Federal Aviation Administration
Issue: Washington, DC, Metropolitan Area Special Flight Rules Area. The Federal Aviation Administration (FAA) issued the proposed rule on the Washington, DC, metropolitan area special flight rules area on August 4, 2005. This proposed rule would essentially codify current flight restrictions for certain aircraft operating in the Washington, DC, metropolitan area that were adopted in the wake of the terrorist attacks of September 11, 2001. The proposed rule would create a special flight rules area (SFRA) around Washington, DC, and impose flight operation requirements on aircraft operations within that area. These provisions would generally require aircraft operators to: 1) file and activate a flight plan before entering (or re-entering) the restricted area; 2) maintain radio communication with air traffic control; and 3) obtain and display a discrete transponder code while operating within the area. The FAA has concluded that while these restrictions are likely to cause considerable burdens to both air traffic control and the aviation industry within the affected area, they are needed for security reasons. Small businesses expressed serious concerns about the impact of the proposed rule on small aviation businesses operating within the area.

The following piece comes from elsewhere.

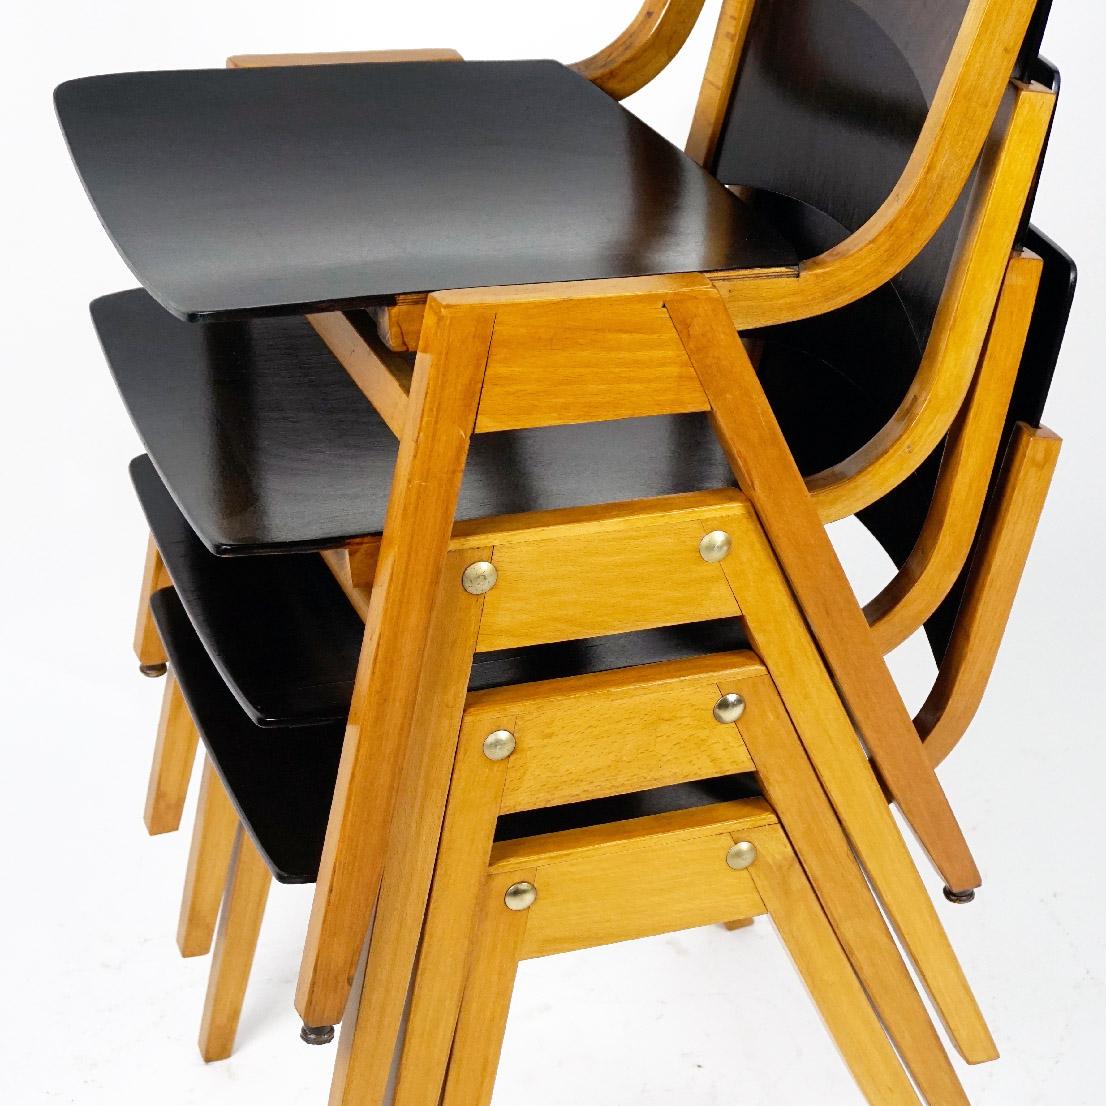 Austrian midcentury beechwood stacking chairs designed by Roland Rainer in 1952, same time as the famous model called Stadthallenstuhl. The model P7 has been also used at the Vienna Stadthalle, mostly in the backstage areas. One of the most

This proposed rule was discussed during Advocacy’s regular aviation safety roundtable on October 20, 2005. In response to comments raised by small businesses, Advocacy filed a public comment letter with the agency on February 6, 2006, recommending that the FAA carefully consider small business comments and alternatives to its proposed rule, and publish a revised IRFA for additional comment before finalizing the rule.
Issue: Thermal/Acoustic Insulation Installed on Transport Category Airplanes Rule. The FAA issued its final Thermal/Acoustic Insulation rule in 2003, with a compliance date of September 2, 2005. The rule was intended to apply to the replacement of thermal insulation blankets used on the fuselage of airplanes. However, before the final compliance date, industry representatives became aware that some of the language in the rule was ambiguous and that the rule, as written, would have had a much broader impact than originally envisioned. This would have meant that far more airplanes and components would have been subject to the rule, and that entire inventories of spare parts would have been rendered unusable.
Small business representatives raised the issue of FAA’s final Thermal/Acoustic Insulation rule during Advocacy’s regular aviation safety roundtable on July 14, 2005. In response, Advocacy helped organize a meeting with FAA personnel to discuss the rule and the ambiguities in the language. Based on these discussions, the agency agreed that the rule required clarification and agreed to issue a revised regulation.
On December 30, 2006, FAA issued a revised final rule that narrowed the original rule’s scope and exempted certain airplanes and components. Because the final rule narrowed the scope (and therefore the cost) of the original rule, the agency did not perform an economic analysis. However, industry representatives estimated cost savings of $149 million ($74 million in certification costs and $75 million in inventoried spare parts) from the revisions.